When attempting to bring segments up with gprecoverseg, it fails and gives an error message.
', stderr='/bin/tar: ./pg_log/gpdb-2017-02-17_000000.csv: file changed as we read it.
End of gprecoverseg output:
20170217:10:47:14:155568 gprecoverseg:dc1prsahdmn04:gpadmin-[CRITICAL]:-Error occurred: non-zero rc: 1
Command was: 'ssh -o 'StrictHostKeyChecking no' dc1prsahddn03.es.ad.adp.com ". /usr/local/hawq/./greenplum_path.sh; /bin/tar cvPf /tmp/hawq_template20170217_103318 --exclude=pgsql_tmp -C /hdfs1/primary/gpseg6 ."'
./pg_log/gpdb-2017-02-10_000000.csv ... ...
', stderr='/bin/tar: ./pg_log/gpdb-2017-02-17_000000.csv: file changed as we read it
On HAWQ 1.x, the gprecoverseg builds and packages the DB template from another segment so it can be used to recover the down segment(s). It does not expect any of the files to be updated while it is building it (including the log files). But if a file is updated, then it will fail to complete the template build.
- Go to the segment that is building the template on (gpseg6 in the above example).
- Check the size of the segment directory - "du -sh /hdfs1/primary/gpseg6"
- If it is larger than 500MB, check the log files.

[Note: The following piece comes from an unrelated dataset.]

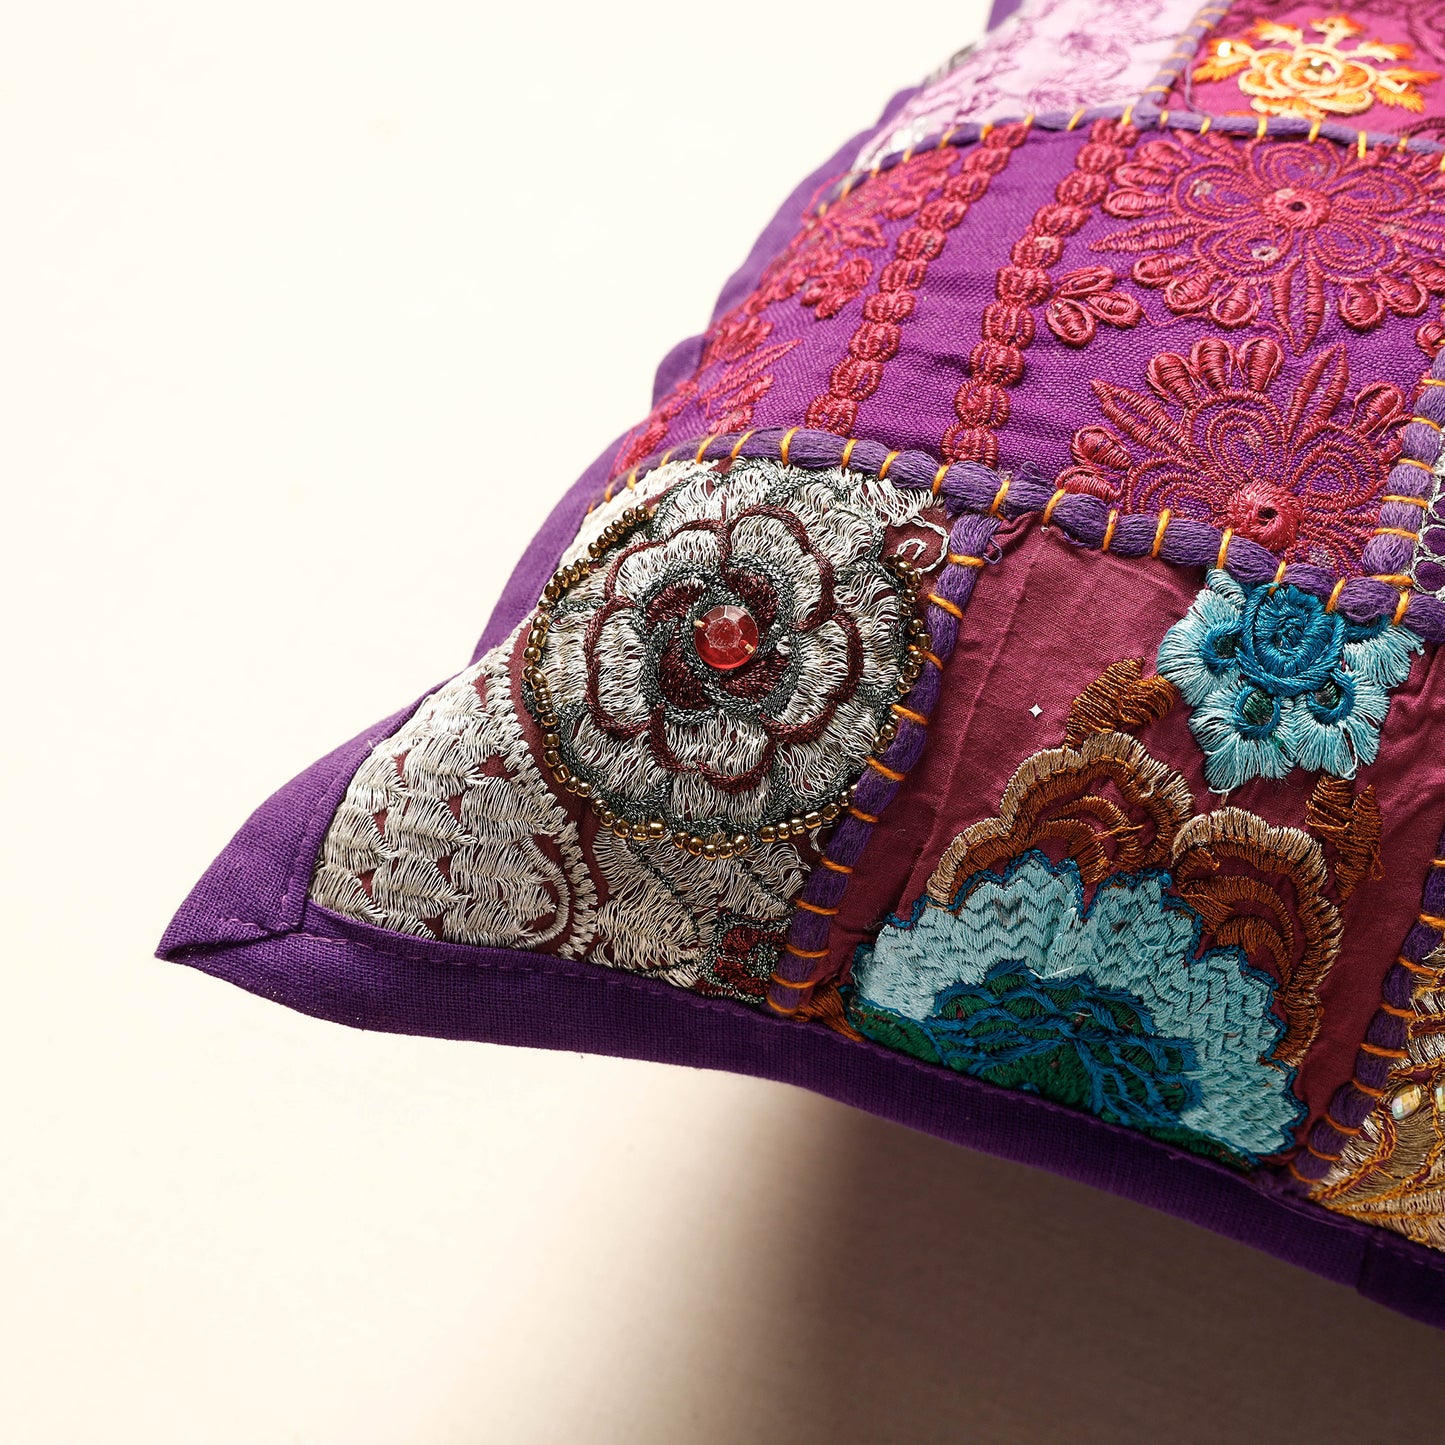 patchwork pillow cover

- If there are large log files, move them aside to a location outside the segment directory. DO NOT move the current day log file.
- Once the segment directory size is decreased, try gprecoverseg again. With a smaller template to package, it might complete before the log file is updated again.
- If it fails again, check the log file that is reported in the error and see what is streaming in it.
- Fix the issue that is streaming.